Linear Algebra
Linear Operators and Matrices
$A (\Sigma a_i |v_i\rangle) = \Sigma a_iA|v_i\rangle$
Now, see a linear operator is just a matrix. Suppose $A: V \to W$﻿ and $|v_1\rangle, |v_2\rangle, ..., |v_m\rangle$﻿ are basis of $V$﻿ and $|w_1\rangle, |w_2\rangle, ..., |w_n\rangle$﻿ is a basis of $W$﻿ then,
$A|v_j\rangle = \Sigma_i A_{ij}|w_i\rangle$
Inner Products
Ok so imagine an operation $(\_ ,\_): V\times V \to \mathbb{C}$﻿ such that the following shit holds ok?
1.
$(|v\rangle, \Sigma_i \lambda_i|w_i\rangle) = \Sigma_i\lambda_i(|v\rangle, |w_i\rangle)$﻿
2.
$(|v\rangle, |w\rangle) = (|w\rangle, |v\rangle)^*$﻿
3.
$(|v\rangle, |v\rangle) \geq 0$﻿ and $= 0$﻿ iff $|v\rangle$﻿
In finite dimensions, inner product space i.e., vector spaces equipped with inner prducts for all $|v\rangle \in$﻿ vector space $=$﻿ Hilbert Space
Consider $|i\rangle\ \&\ |j\rangle$﻿ to be orthonormal basis, we have —
$\langle v|w \rangle = (\Sigma_i v_i|i\rangle, \Sigma_jw_j|j\rangle) = \Sigma_i \Sigma_j v_i^*w_j\delta_{ij} = \Sigma_iv_i^*w_i = |v\rangle^\dagger |w\rangle$
Norm of a vector
$||v|| = \sqrt{\langle v|v \rangle}$
We can say that $|v\rangle$﻿ is normalized iff $||v|| = 1$﻿.
A set of $|a_i\rangle$﻿ vectors is orthonormal if $\langle a_i|a_j \rangle = \delta_{ij}$﻿ i.e., $\forall\ i \neq j\ \langle a_i|a_j \rangle = 0$﻿ and $\langle a_i|a_j \rangle = 1\ \forall\ i=j$﻿.
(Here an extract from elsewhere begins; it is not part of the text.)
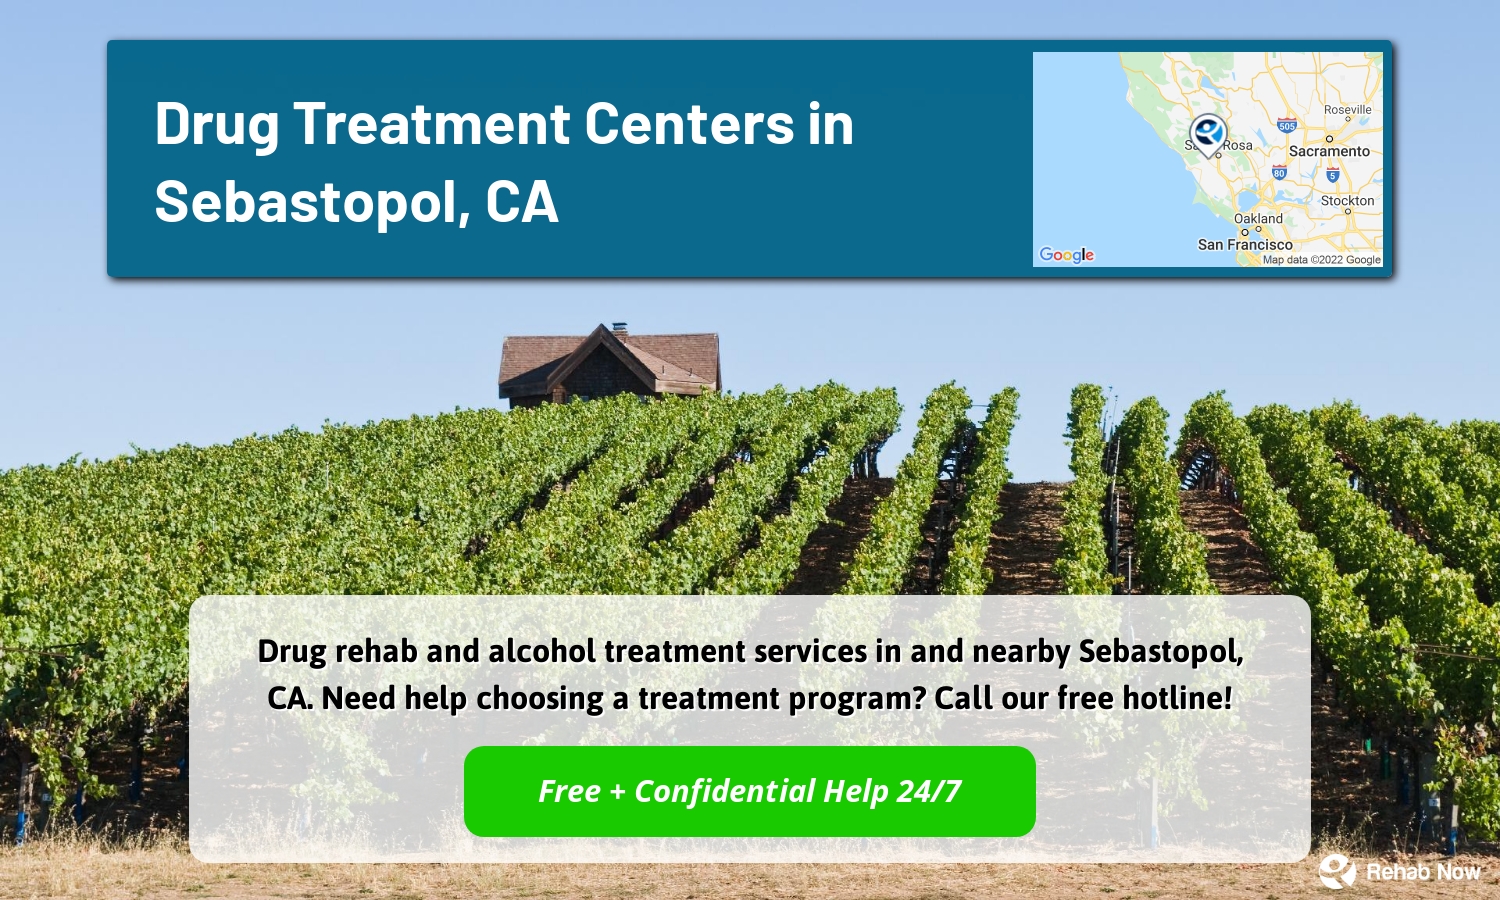 Drug rehab and alcohol treatment services in and nearby Sebastopol, CA. Need help choosing a treatment program? Call our free hotline!

Gram Schmidt: for orthonormal basis
$|v_{k+1}\rangle = \frac{|w_{k+1}\rangle - \Sigma_{i=1}^k \langle v_i | w_{k+1}\rangle |v_i\rangle}{|||w_{k+1}\rangle - \Sigma_{i=1}^k \langle v_i | w_{k+1}\rangle |v_i\rangle||},\ |v_1\rangle = |w_1\rangle/|||w_1 \rangle||$
Outer Product
$|w\rangle \langle v|(|v'\rangle) = |w\rangle |v\rangle^\dagger |v'\rangle = |w\rangle \langle v|v' \rangle = \langle v|v' \rangle |w\rangle$
From this notion we obtain the completeness relation, $\Sigma_i |i\rangle \langle i| = I$﻿.
$A = I_wAI_v = \Sigma_{ij} |w_j\rangle\langle w_j|A|v_i\rangle\langle v_i| = \Sigma_{ij} \langle w_j|A|v_i\rangle|w_j\rangle\langle v_i|$﻿
Cauchy Schwarz: $\langle v|v \rangle \langle w|w \rangle \geq \langle v|w \rangle \langle w|v \rangle = |\langle v|w \rangle|^2$﻿
Hilbert Space
A Hilbert Space $\mathcal{H}$﻿ is complete which means that every Cauchy sequence of vectors admits in the space itself. Under this hypothesis there exist Hilbert bases also known as complete orthonormal systems of vectors in $\mathcal{H}$﻿.
For any orthonormal basis of $\mathcal{H}$﻿, we have the following.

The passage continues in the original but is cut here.